Lucero is a pest manager, but he says the first line of defense against losing trees is finding a way to get them the nutrients they need. He and horticulturalist Tracy Neal, who serves on the tree board, point to something called vertimulching that creates a thin, deep cut in the ground that's then filled with organic material. It's a possible solution, though the city doesn't keep a tree expert on staff to provide a quick estimate of how much time or money it would take to implement.
"We're limited in what kind of chemicals we use," Lindell explains. That's by design in the progressive city, which has a pest management policy that requires it to assess cultural practices, nutrient delivery and natural pest predation before going the chemical route. But Lindell says there can be special circumstances.
"If in order to save those trees, we have to do some very special things we wouldn't typically do, I would consider supporting that," she tells SFR. And she knows exactly what kind of can she's opening when she does so. "Let me be clear, we're not talking about Roundup."
She continues, "It would be a terrible shame to let them die." The city has plenty of warning, and neither she nor Lucero are concerned about what's going to happen in the next couple of years.

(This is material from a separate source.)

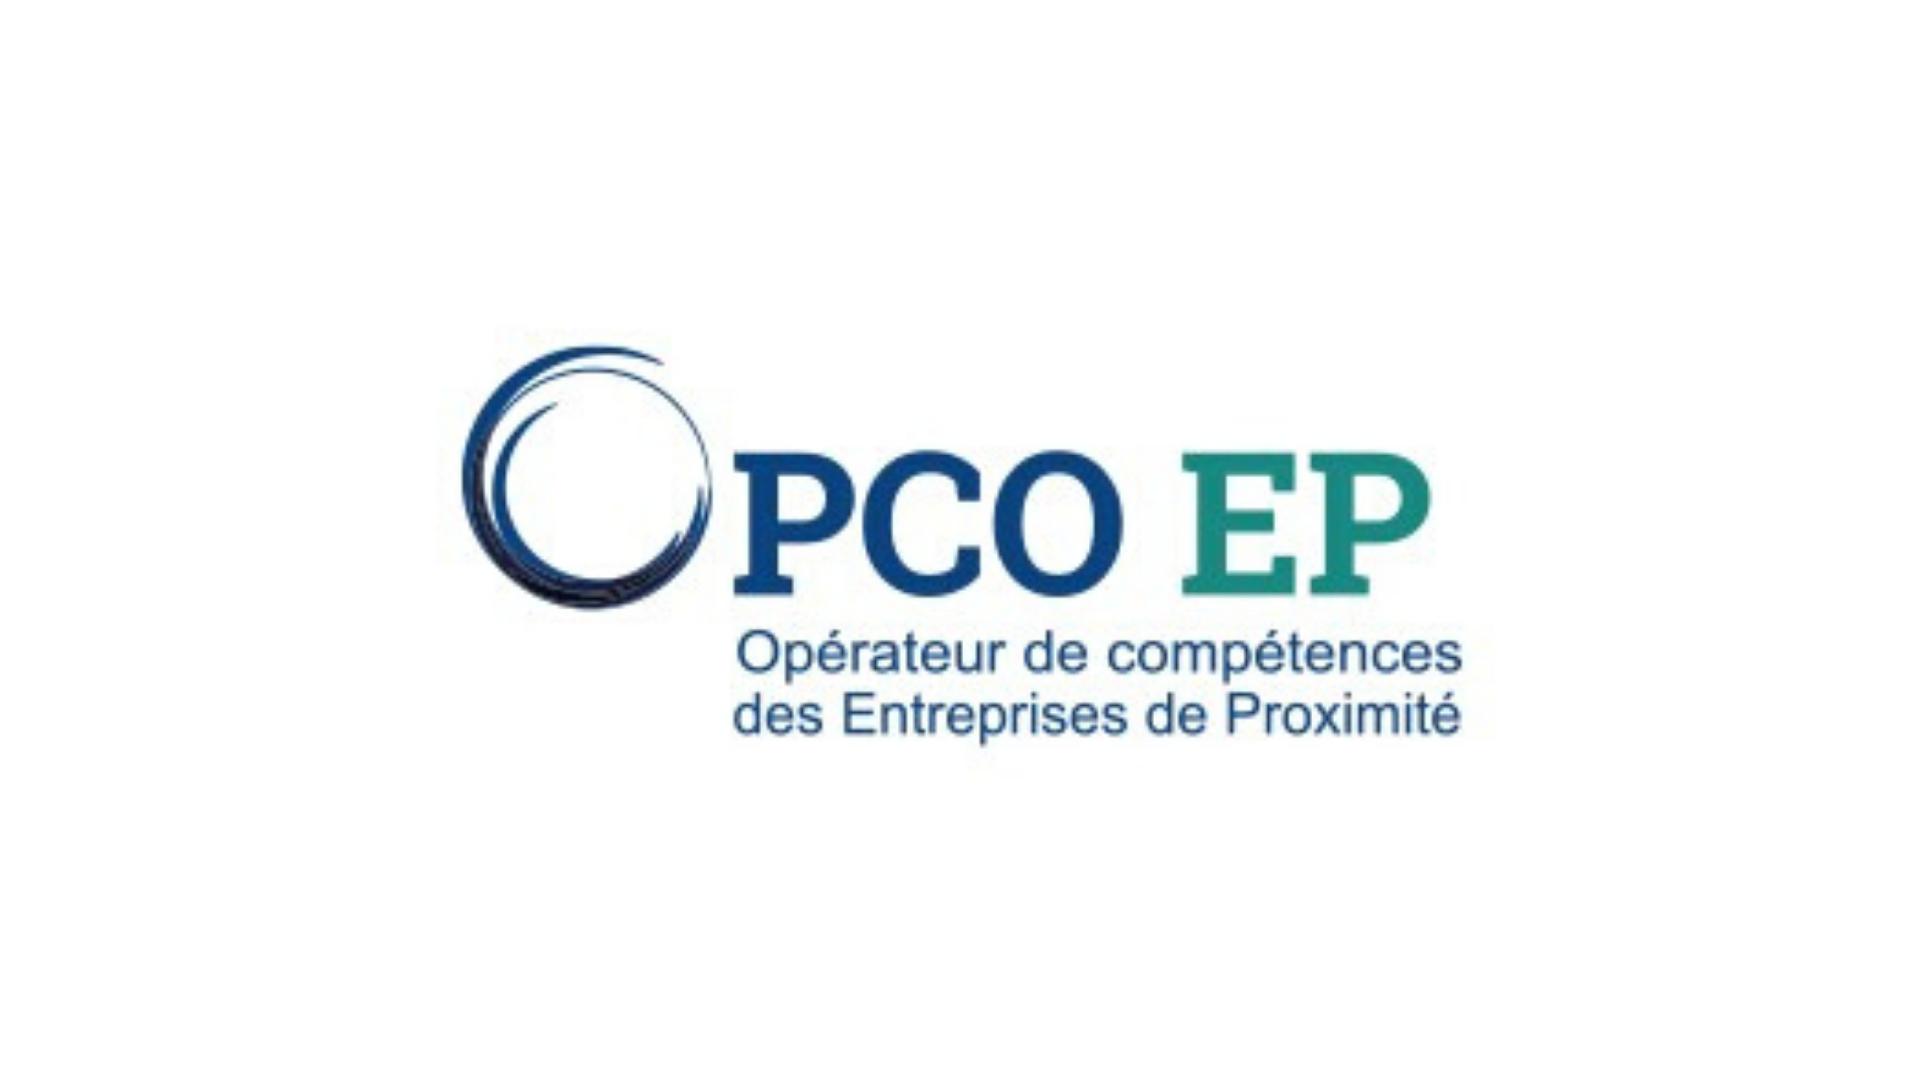 OPCO EP Entreprise de Proximité LOGO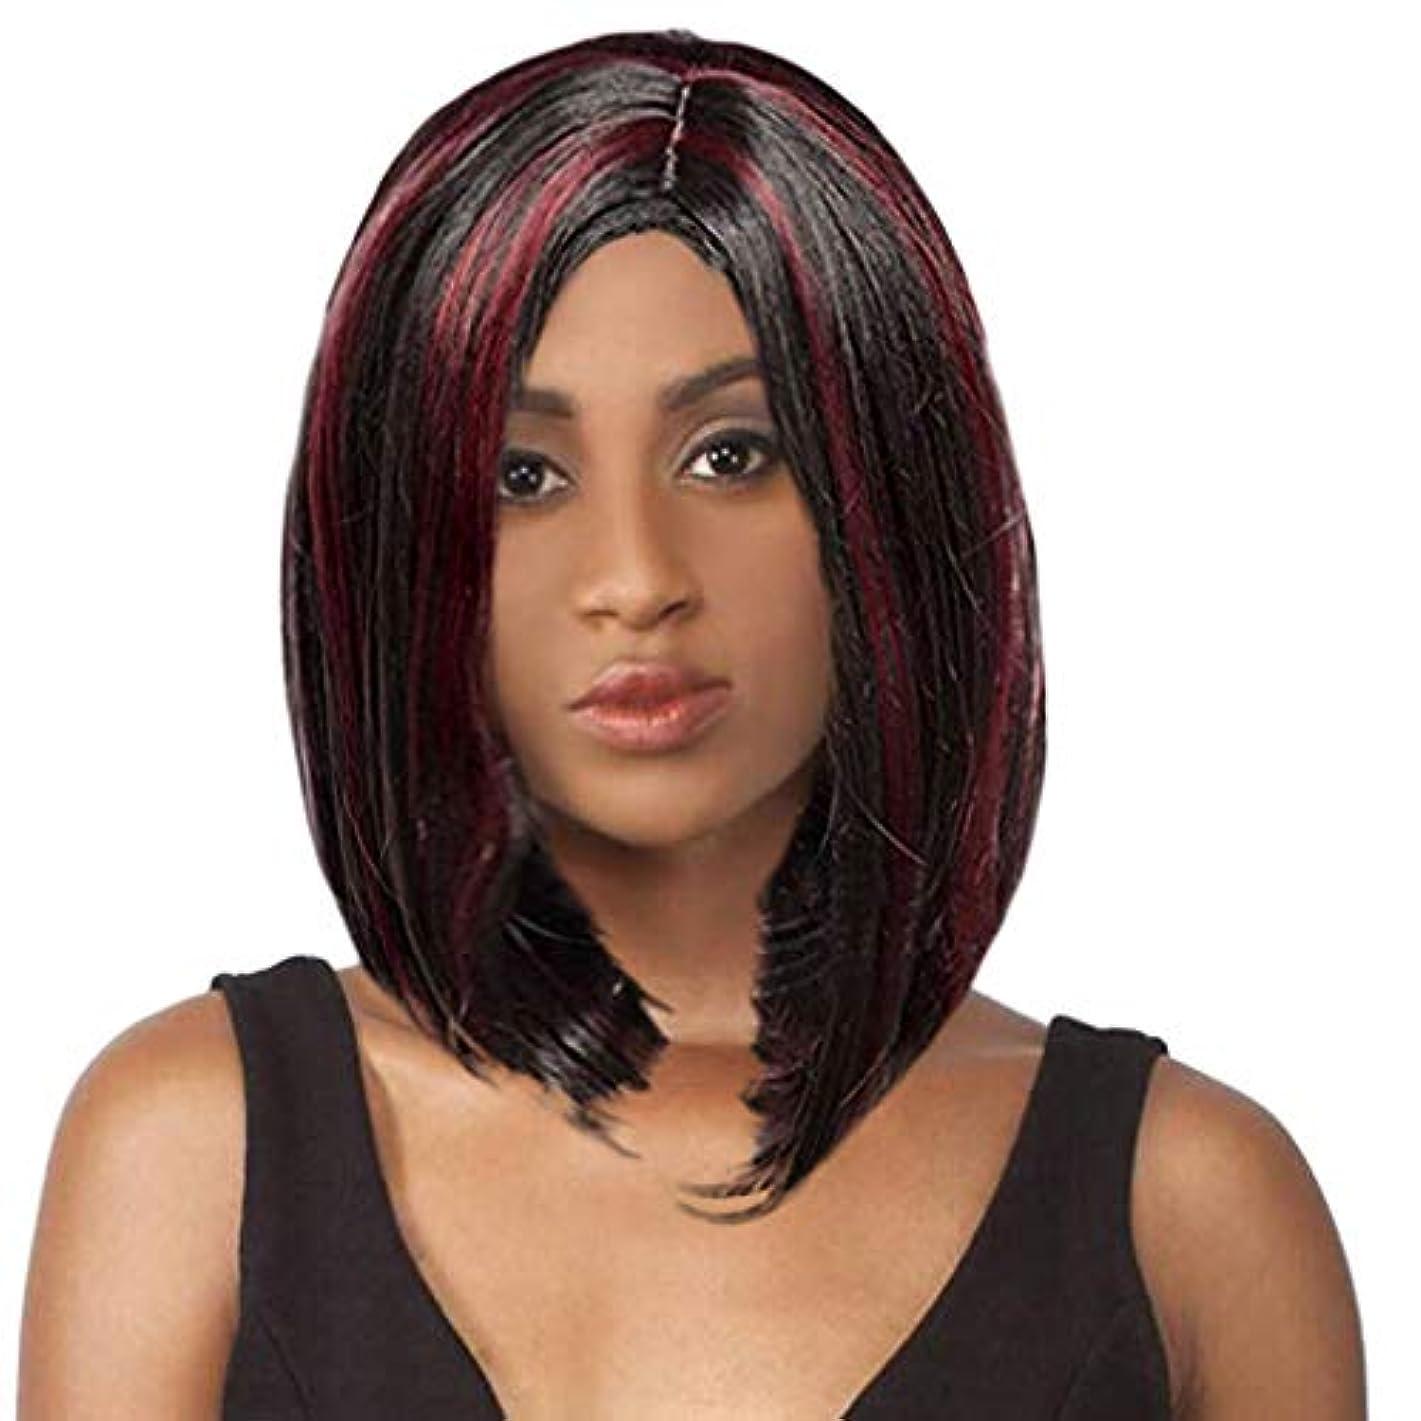 ガジュマル聖書悲観的女性の短いストレートヘアボブファッションかつら

"It's not like they die overnight, but they're not healthy," Lindell says. "I don't know what the timeframe is for when they get past saving, but I don't want to get there."
Kilmer, the early-20th century poet, was known for weaving religion and nature through his work. He pegged that very same problem of talking too much and waiting too long to appreciate what's right in front of—or above—us: "Poems are made by fools like me, / But only God can make a tree."